Once this request comes back with a status
of completed
two things will be available: first, we will be able to get the anomalies found by requesting the results; second, we will now have a model that can identify anomaly or not on future data points.
These anomalies will be returned as part of the “data” array property on the results response. We can get that by making a GET request to the results endpoint:
# replace {sessionId} from the response to your session request
curl -s -H "api-key: {subscription key}" https://ml.nexosis.com/v1/sessions/{sessionId}/results
The results JSON contains a data array with each anomalous observation containing a new field named ‘anomaly’. This field contains a score of the observation record as anomalous. When this result is a negative number, the record is anomalous. In this case all scores are negative because we have returned only anomalous entries. The score is a relative rank of how anomalous, such that a more negative number is more anomalous than another record with a score closer to zero.
{
"metrics": {
"percentAnomalies": 0.10049153468050245
},
"data": [
{
"key": "141",
"anomaly": "-0.0452571326093725",
"X.1": "0.00491231466176838",
"X.2": "2.25671813545889",
"X.3": "-0.203640485666361",
"X.4": "-0.757128570390479",
... additional values and entries ...
}
],
... other information elided...
}
In order to predict you first need the modelId for the model trained by the session in step 2. This comes back in the session results
curl -s -X GET "https://ml.nexosis.com/v1/sessions/{sessionId}/results" \
-H "api-key: {subscription key}"
This response will look a lot like the other above but importantly has the field modelId.
{
"sessionId": "0160ea7b-3306-4a58-9655-8075306c7d96",
"type": "model",
"status": "completed",
"predictionDomain": "anomalies",
"availablePredictionIntervals": [],
"modelId": "10777ba7-d3f4-4da7-9405-21e53b758832",
"requestedDate": "2018-01-12T13:07:10.72398+00:00",
...
}
With the model id and a set of new values for the features you’re ready to request a prediction.

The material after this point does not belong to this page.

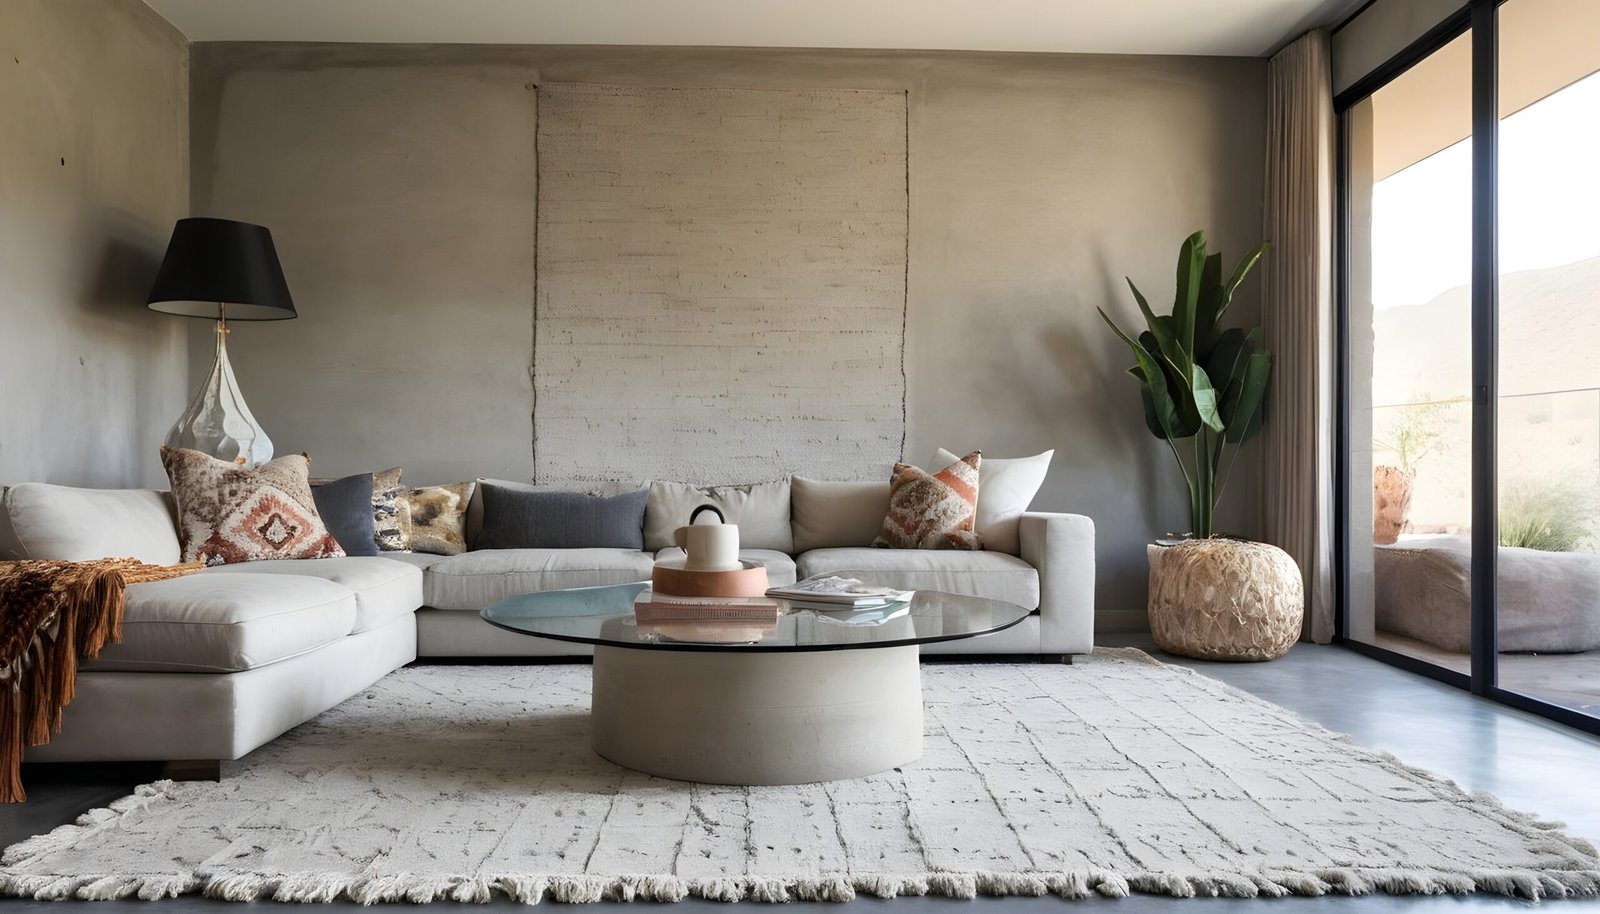 Living room with concrete walls and textured rug.
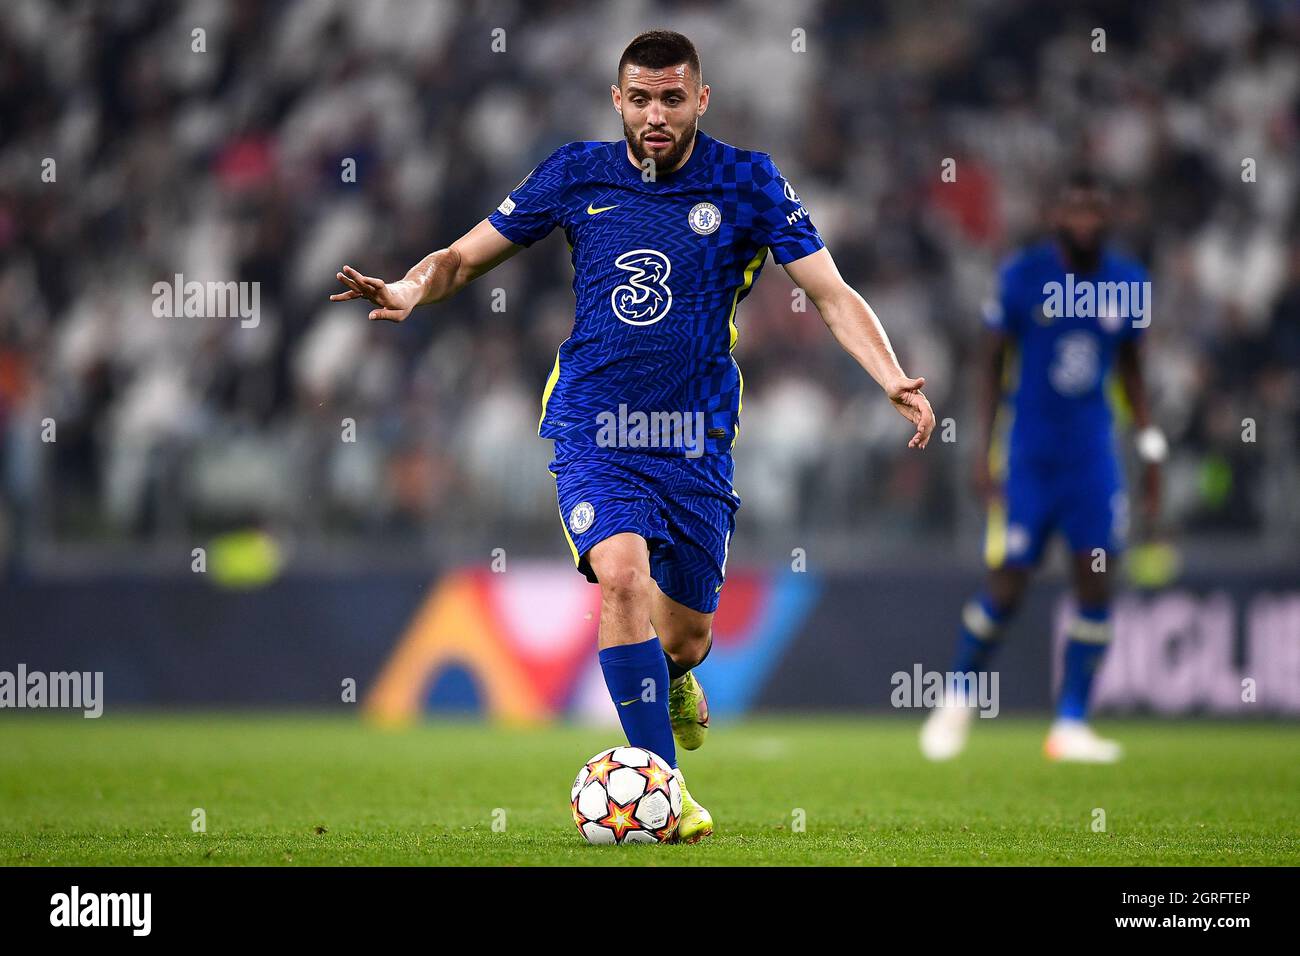 Turin, Italy. 29 September 2021. Mateo Kovacic of Chelsea FC in action during the UEFA Champions League football match between Juventus FC and Chelsea FC. Credit: Nicolò Campo/Alamy Live News Stock Photo

curl -s -H "api-key: $apiKey" \
-X POST $baseUrl/models/10777ba7-d3f4-4da7-9405-21e53b758832/predict \
-H "Content-Type: application/json"
-d '{ "data": [{"X.1": -1.15907509242824,"X.2": -0.91998843744384,"X.3": -0.178808273342188,"X.4": 0.0119005653086114,"X.5": 3.14482390535516,"X.6": 17.314053637174,"X.7": -0.278294946006147,"X.8": 1.28100338235996,"X.9": 0.759072460103087,"X.10": -0.420487347915062,"X.11": -1.39808792464813,"X.12": 0.744634905731968,"X.13": -1.26165666571131,"X.14": -0.400329665815939,"X.15": 0.278624569020388,"X.16": 0.963082541396573,"X.17": -4.14708829524105,"X.18": -3.19083518334924,"X.19": -3.21686477340904,"X.20": 2.58264294083969,"X.21": -2.12660546680886,"key": 1780}]}'
Just as with the data in the session result, the body of the response will include your data echoed back to you but this time with the anomaly field filled in:
{
"data": [
{
"X.1": "-1.15907509242824",
"X.2": "-0.91998843744384",
"X.3": "-0.178808273342188",
"X.4": "0.0119005653086114",
"X.5": "3.14482390535516",
"X.6": "17.314053637174",
"X.7": "-0.278294946006147",
"X.8": "1.28100338235996",
"X.9": "0.759072460103087",
"X.10": "-0.420487347915062",
"X.11": "-1.39808792464813",
"X.12": "0.744634905731968",
"X.13": "-1.26165666571131",
"X.14": "-0.400329665815939",
"X.15": "0.278624569020388",
"X.16": "0.963082541396573",
"X.17": "-4.14708829524105",
"X.18": "-3.19083518334924",
"X.19": "-3.21686477340904",
"X.20": "2.58264294083969",
"X.21": "-2.12660546680886",
"key": "1780",
"anomaly": "-0.101920780676883"
}
],
...
}
Now that you are familiar with the basics, try getting predictions from new datasets, or, take a look at the code samples and client libraries, and write an application which integrates with the API. Show us what you were able to build!